Shielded nuclear containment chambers, referred to as hot cells or isolators, are used in the radiopharmaceutical and nuclear energy industries to protect personnel from the radioactive material contained therein and radiation emitted therefrom. As used herein, hot cells and isolators are collectively referred to as isolators. In the radiopharmaceutical industry, radioactive material used for diagnostic and therapeutic purposes may be produced using a radionuclide generator, such as column housed in an isolator. Additionally, associated radionuclide process equipment is typically housed in an isolator.
Air filters such as HEPA filters are used to provide pharmaceutical grade sterile filtered air to isolators. Typically, one or more HEPA filters are mounted in the ceiling of the isolator. For instance, four HEPA filters may be used in a 2×2 matrix.
The integrity of each HEPA filter must be certified regularly by challenging the integrity of the full filter HEPA membrane surface, as well as any associated filter frame housing gaskets and/or seals (e.g. gel seals). Filter integrity testing is typically performed manually by introducing an aerosol such as dispersed oil particulate “DOP” or a poly alpha olefin (“PAO”) aerosol from the inlet filter plenum, and checking for leakage of this aerosol through the filter or housing at the filter outlet. Typically, an operator moves a hand-held scanning probe in overlapping strokes across every square inch of the HEPA filter face and seal, keeping the probe a maximum distance of about 2.5 cm from the filter face at all times, and moving no faster than about 3 meters per minute. The probe draws a continuous air sample during this scanning process that is monitored for presence of aerosol. If aerosol is detected, an alarm sounds and the operator stops and investigates.
Radionuclide isolator HEPA filter scanning by known methods may be problematic for a number of reasons. For instance, filter access is difficult within small isolators. Further, process equipment and/or processing sequence may block, impair or limit interior access. Further, delicate HEPA filter membrane may be damaged if a hand-held probe contacts the filter face during manual scanning. Yet further, manual movement rate and probe distance from the filter face is difficult to gauge and is inconsistent. Moreover, it is difficult to certify that sequential manual strokes overlap thereby assuring that the entire filter face has been scanned. Still further, the time required to test filter media may present unsafe radiation and/or hazardous chemical exposure conditions for the testing personnel. Yet further, isolators often utilize a diffusion grid or membrane situated between the HEPA filters and the isolator working volume in order to create a full ceiling HEPA filtered unidirectional airflow.

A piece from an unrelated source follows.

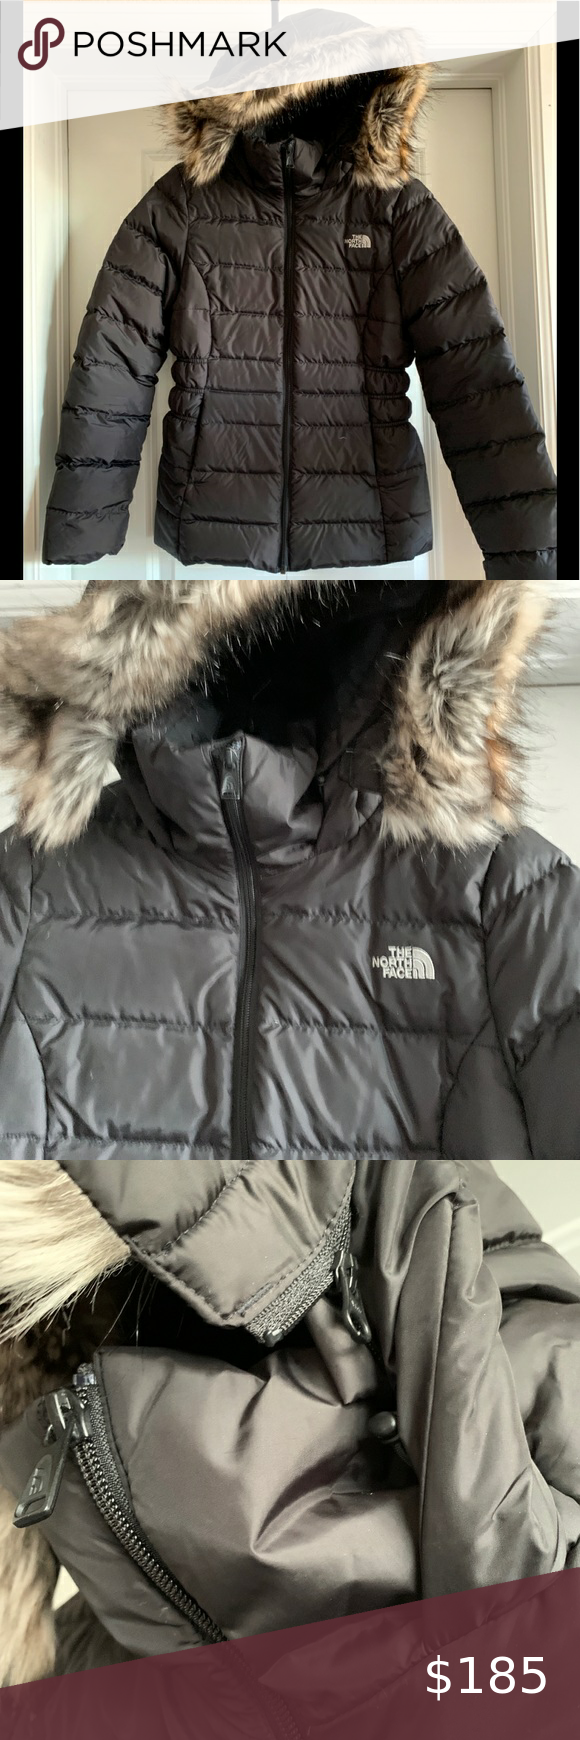 Nwt North Face Puffy W Detach Fur On Hood S North Face Fleece Jacket North Face Puffer Jacket Green Hooded Jacket [ 1740 x 580 Pixel ]
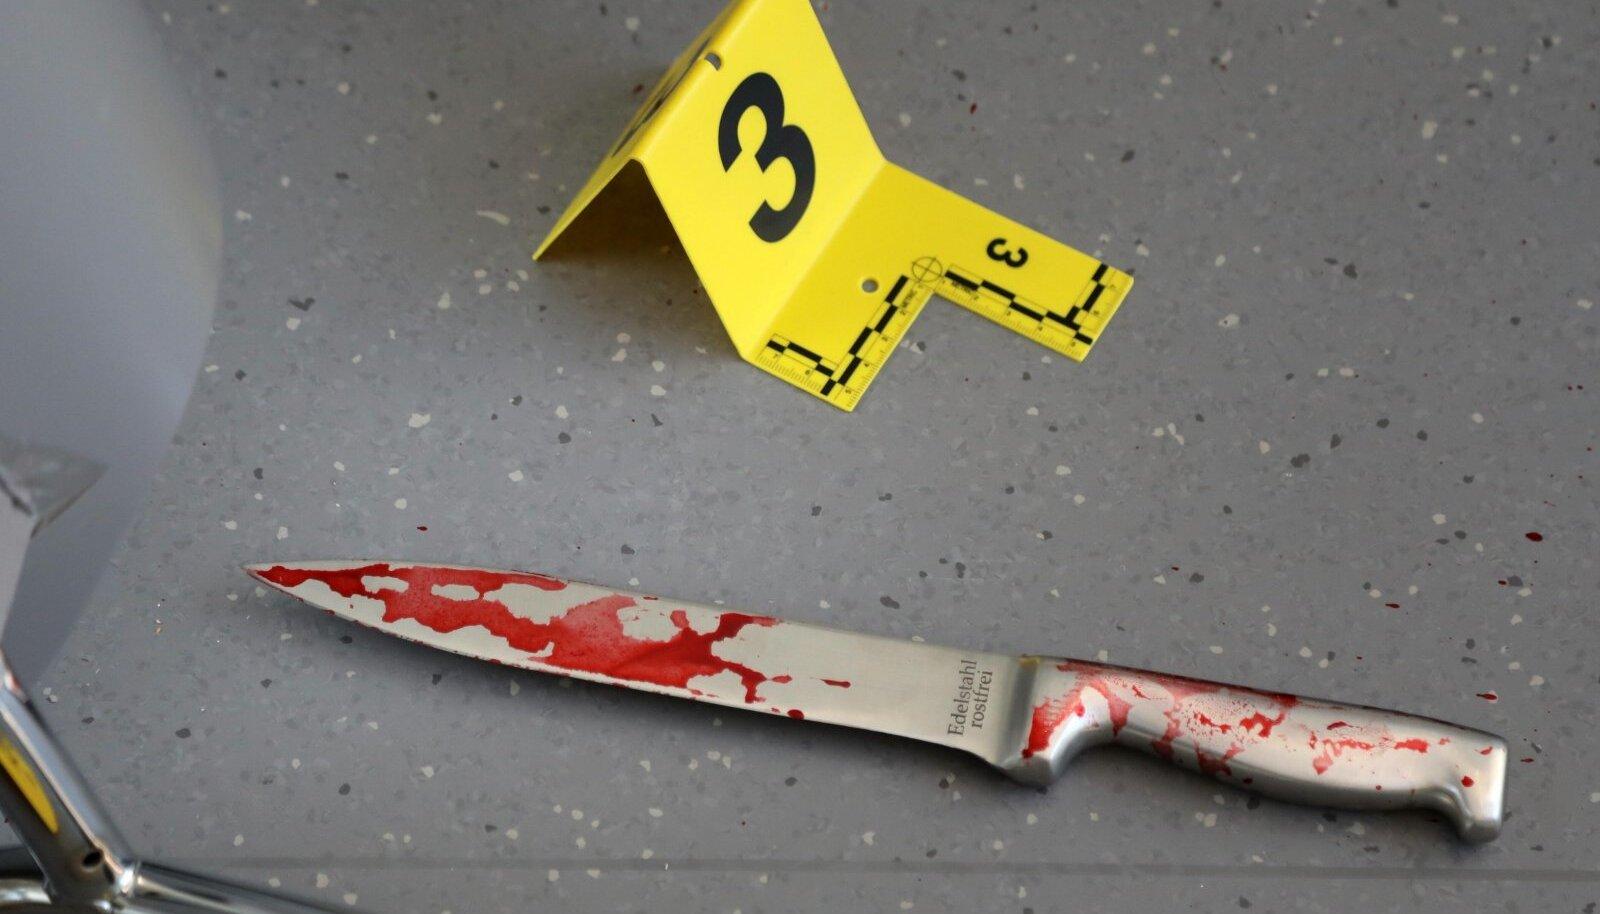 Vorstellung Mordkommission Erfurt 01.07.2020 , Erfurt, Thüringer Landeskriminalamt, Vorstellung der neuen Mordkommission

Such diffusion grids or membranes must be manually removed in order to access HEPA filters and perform HEPA filter certification and then reinstalled after certification is complete. Manually handling diffusion grids or membranes can cause damage to filters and the grids/membranes, and thereby increase testing time and concomitant process cycle time. A need therefore exists for improved HEPA filter integrity testing systems and methods.
This Background section is intended to introduce the reader to various aspects of art that may be related to various embodiments and aspects of the present disclosure, which are described and/or claimed below. This discussion is believed to be helpful in providing the reader with background information to facilitate a better understanding of the various embodiments and aspects of the present disclosure. Accordingly, it should be understood that these statements are to be read in this light, and not as admissions of prior art.